The supernatural gift of trusting in God is not a thing to be possessed. Like a watch or a pair of shoes. Faith* is a disposition, a temperament; it's a good habit, an instilled inclination to turn ourselves toward God and rely on His love for us to do the work He's given us to do. Our tendency to think of faith in terms of measurable amounts is understandable. We say things like “my faith isn't strong enough,” or “I need a larger faith.” But this way of speaking about faith pushes us into the same problem the disciples encounter this morning. If we rely on the size or weight of our faith to accomplish great things, then we will end in failure every time. If, however, we rely solely on the love of the Father to provide and care for us; if we surrender entirely to His will; if we receive the gift of trusting in Him and exercise this gift like a triathlete at an Olympic gym, mountains will be the smallest things we can move. We can be moved from our fallen human nature, from our inclinations towards disobedience and death and onto our graced end – eternal life. Exercise faith like a vital muscle. Tend it like a prize-winning orchid. And refuse to measure it by the ounces and inches of this world. 

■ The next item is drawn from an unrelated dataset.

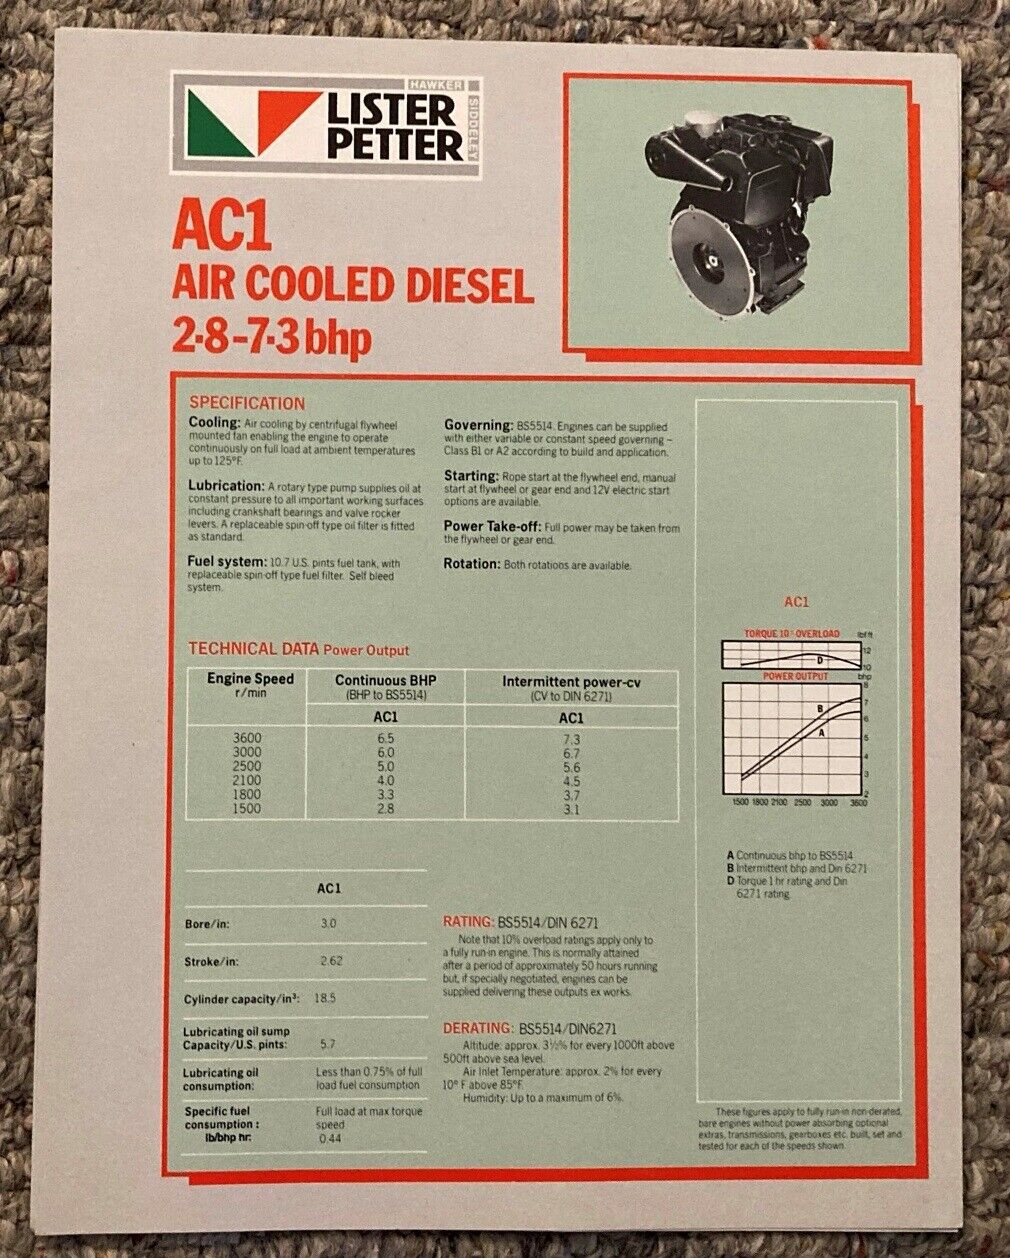 LA156 Lister Petter Diesel Engine AC1 Air Cooled Specification Sheet

* For those with a more analytical mind, here's a definition of faith from the Catholic Encyclopedia, 1909. "The foregoing analyses will enable us to define an act of Divine supernatural faith as "the act of the intellect assenting to a Divine truth owing to the movement of the will, which is itself moved by the grace of God" (St. Thomas, II-II, Q. iv, a. 2). And just as the light of faith is a gift supernaturally bestowed upon the understanding, so also this Divine grace moving the will is, as its name implies, an equally supernatural and an absolutely gratuitous gift. Neither gift is due to previous study neither of them can be acquired by human efforts, but "Ask and ye shall receive."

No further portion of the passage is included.